Everything can be purchased on line. If you don't enjoy the craziness of holiday shopping you don't have to do it.

Keep that in mind for grocery shopping for other holidays as well. The stores are crowded the evening before. Shop a few days in advance.

Lack of free time before the holidays while teaching got me in the habit, but it still works for me now that I have all free time, but no energy.

5. Pace yourself.

If you are cooking, make as much as possible in advance or stretch cooking throughout the day.

Always factor in the physical toll of socializing. If you will be putting forth the energy to be a gracious host, plan on that being your main holiday activity and try to have everything done ahead or by others.
I love decorating my Christmas tree. I live with my husband and two adult sons, so I'm the only one who cares that we have one. I have accepted that. It's fun me-time playing with sparkly things.

I've also accepted that with all the bending and reaching, it is an athletic endeavor that needs to be spread out. It usually takes three days. That could be a problem if I waited until mid December, but I start right after Thanksgiving and usually have the boxes back in storage by the end of November.

6. Accept and demand help.

Unless you are inviting friends over for chips and dip and an annual rewatch of Groundhog Day, any party is too much work for one person.

When someone asks what they can bring, assign something. Call close friends and family who don't ask how they can help and tell them how they can help.

My boys now knead and shape the double batch of stollen under my direction. When (if) they move out, I'll except my husband's offer for one of those big Kitchenaid mixers that take up so much counter space.

My menfolk haul boxes up and down stairs and takes care of Christmas lights outdoors and luminaras on Christmas Eve.

7. Accept reality.

No holiday lives up to movie magic. Focus on enjoying who and what you love. Let everything else go.


  1. Sure I do all those things. I mean I sort of do them. I like watching Sheryl do lots of them. We do not have two trees but we do often have a tree.

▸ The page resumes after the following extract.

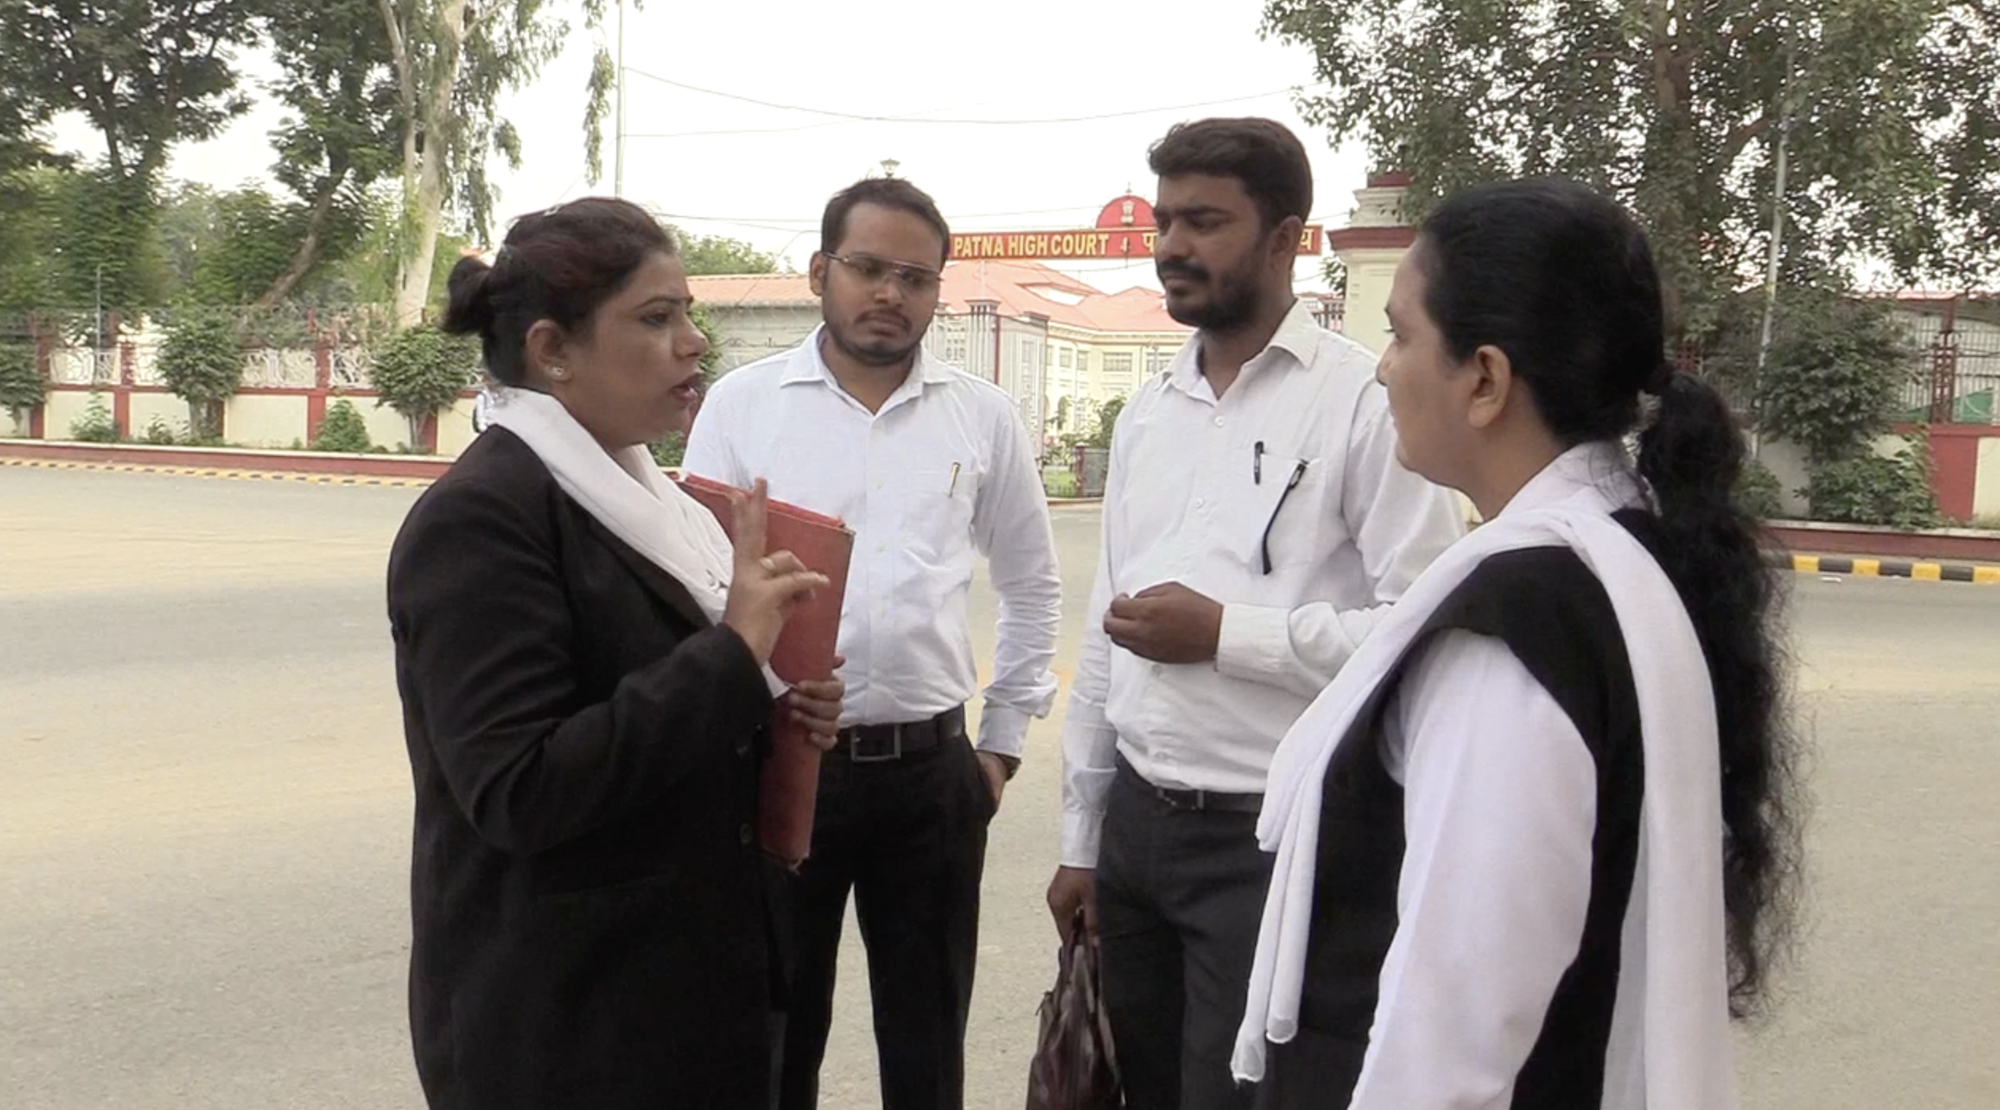 Two women and two men in lawyer attire standing on the road. Savita is explaining something to her colleagues

    My favorite holiday is also 4th of July. No parades, but we definitely sit in the back yard and listen to the 1812 Overture from our local symphony orchestra. Of course they play 5 miles away.

    1. I wonder if our community symphony would do that. I’d gladly take music over fireworks.

  2. You could have knocked me over with a feather when I saw you mentioning my book! Thank you so much for including me in your excellent list of tips to make the most of the holiday you choose (awesome suggestion!). <3

    1. You are the first blogger I found after my diagnosis. Your writing has been a great help to me.